To make a request for any of the information set forth above (a “Request to Know”), please submit a verifiable consumer request pursuant to the instructions below. We will acknowledge your request within ten (10) business days, and will attempt to respond substantively within forty-five (45) days. If we need additional time, we will let you know. If we deny your request, we will explain the reasons in our response and, if applicable, will provide guidance on how to cure deficiencies in your request. You can submit a request to access your personal information by:        

  • Calling – 1.877.737.2363          • Emailing – yourprivacyrights@sephora.com

 B. Right to Request Deletion of Personal Information

You have the right to request the deletion of your personal information collected, or maintained by us, subject to certain exceptions permitted by law. To make a request to delete, please submit a verifiable consumer request pursuant to the instructions below. We will acknowledge your request within ten (10) business days, and will attempt to respond substantively within forty-five (45) days. If we need additional time, we will let you know. You can submit a request to delete your personal information by:         

• Calling – 1.877.737.2363          • Emailing – yourprivacyrights@sephora.com

C. Right to Request Correction of Personal Information

You have the right to request the correction of your personal information collected, or maintained by us (“Request to Correction”), subject to certain exceptions permitted by law. To make a request to correct, please submit a verifiable consumer request pursuant to the instructions below. We will acknowledge your request within ten (10) business days and will attempt to respond substantively within forty-five (45) days. If we need additional time, we will let you know. You can submit a request to correct your personal information by:         

• Logging in to the Sephora Employee Site, going to “Options”, then “My Profile”, and click “Update the Information”.          • Calling – 1.877.737.2363          • Emailing – yourprivacyrights@sephora.com

 D. Right to Limit Use and Disclosure of Sensitive Personal Information

The CCPA gives California residents the right to limit uses of sensitive personal information, such as a race and ethnicity data, to certain uses set forth under the CCPA. Sephora does not use your sensitive personal information to infer characteristics about you, or beyond those permitted purposes, including to provide our goods and services, or as needed to ensure security and integrity; to prevent fraud or illegal activity; for physical safety; for short-term, transient use, including for non-personalized advertising; to perform services on behalf of the business; and to verify or maintain the quality or safety of a service or device owned, manufactured, manufactured for, or controlled by us, and to improve, upgrade, or enhance such services or devices. Therefore, Sephora does not treat any sensitive personal information collected as subject to a “Limit the Use and Disclosure of My Personal Information” request.
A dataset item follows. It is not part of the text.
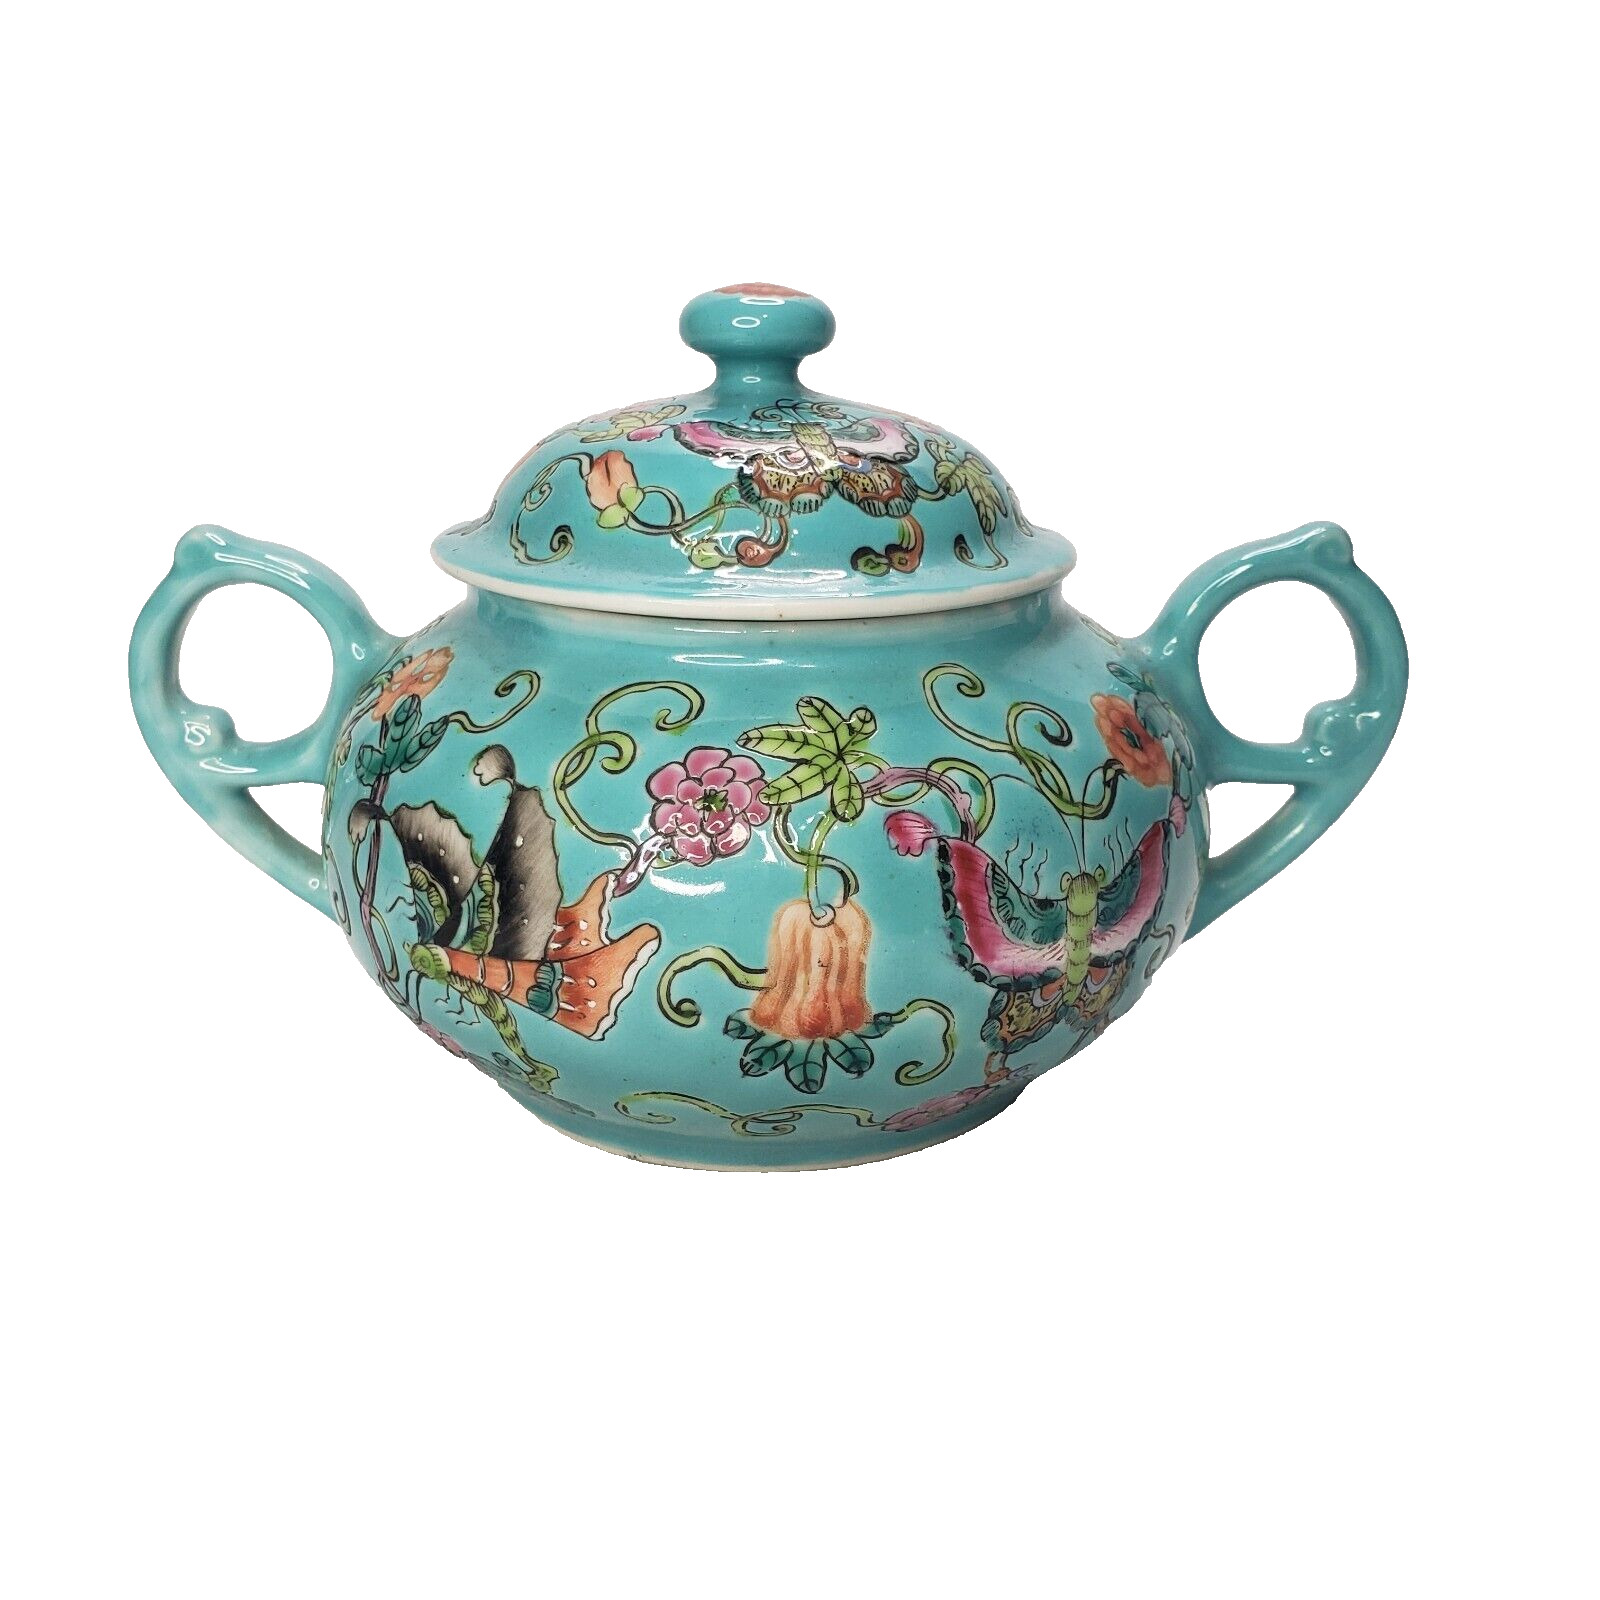 Antique Chinese FAMILLE ROSE Porcelain Sugar Bowl Motif on a Turquoise Ground

E. Right to Opt-out of Sale of Personal Information

Sephora does not “sell” or “share” personal information it collects about its employees, or personal information collected from the Employee Site.

F. Right to Non-Discrimination

You have the right to not receive discriminatory treatment for exercising your CCPA privacy rights. We do not discriminate against California residents who exercise any of their rights described in our Employee Privacy Policy.